───── Task material
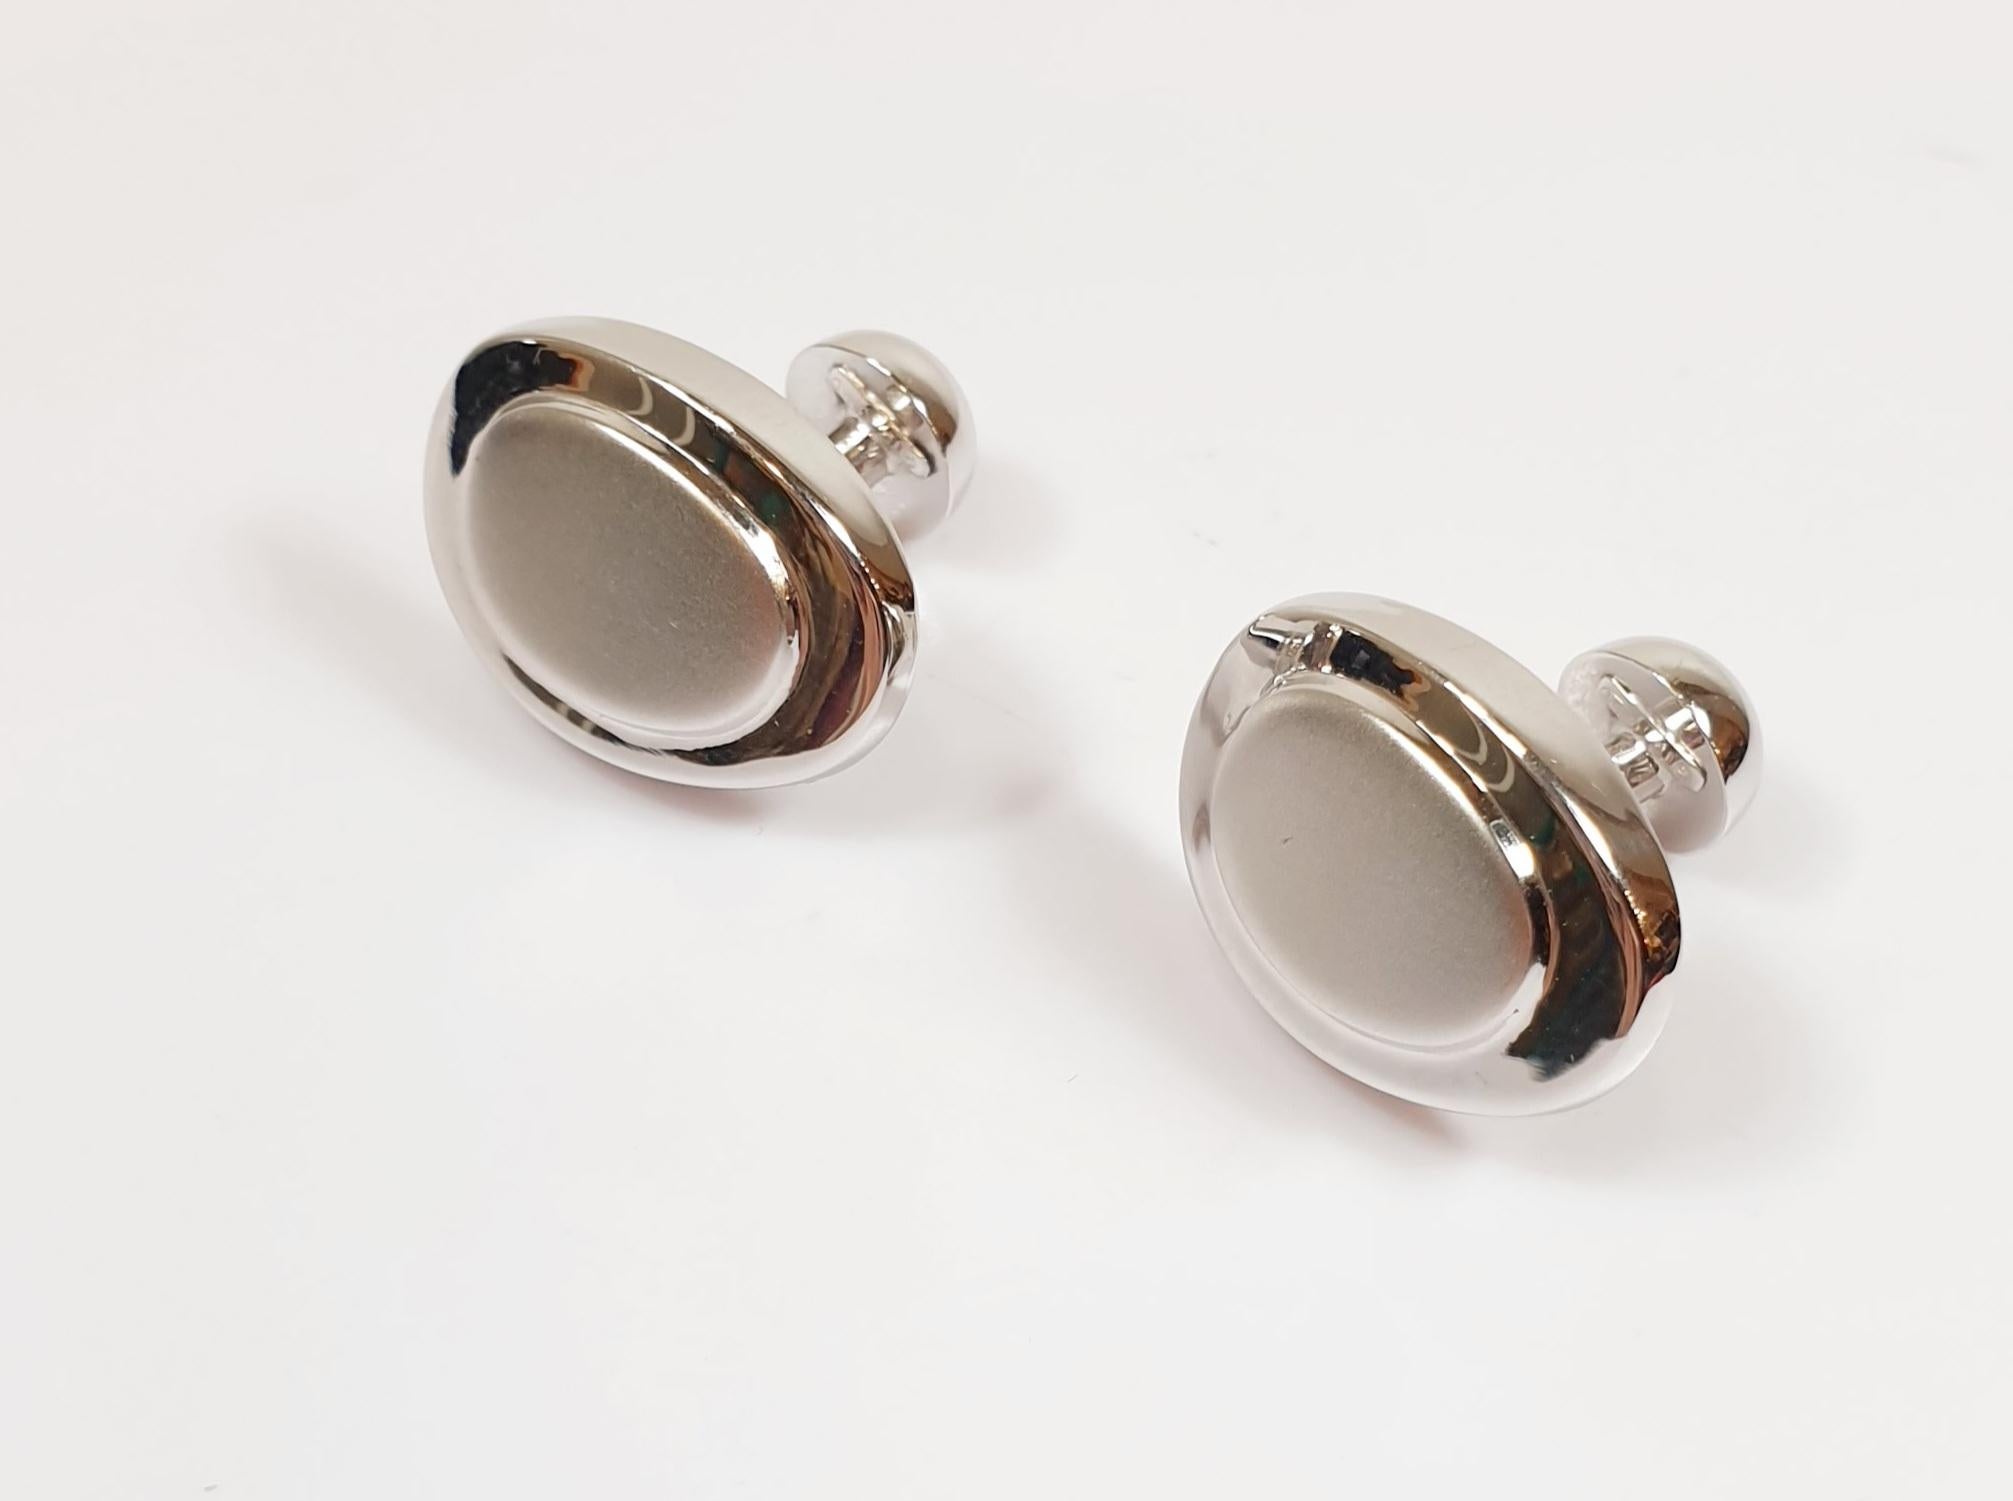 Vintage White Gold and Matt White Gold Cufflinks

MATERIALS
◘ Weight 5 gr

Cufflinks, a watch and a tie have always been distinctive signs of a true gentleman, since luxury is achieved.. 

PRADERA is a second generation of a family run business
──────────
→ Exercise: Restate every line above word for word. Do not carry over the images.

→ Solution:
 Vintage White Gold and Matt White Gold Cufflinks

MATERIALS
◘ Weight 5 gr

Cufflinks, a watch and a tie have always been distinctive signs of a true gentleman, since luxury is achieved.. 

PRADERA is a second generation of a family run business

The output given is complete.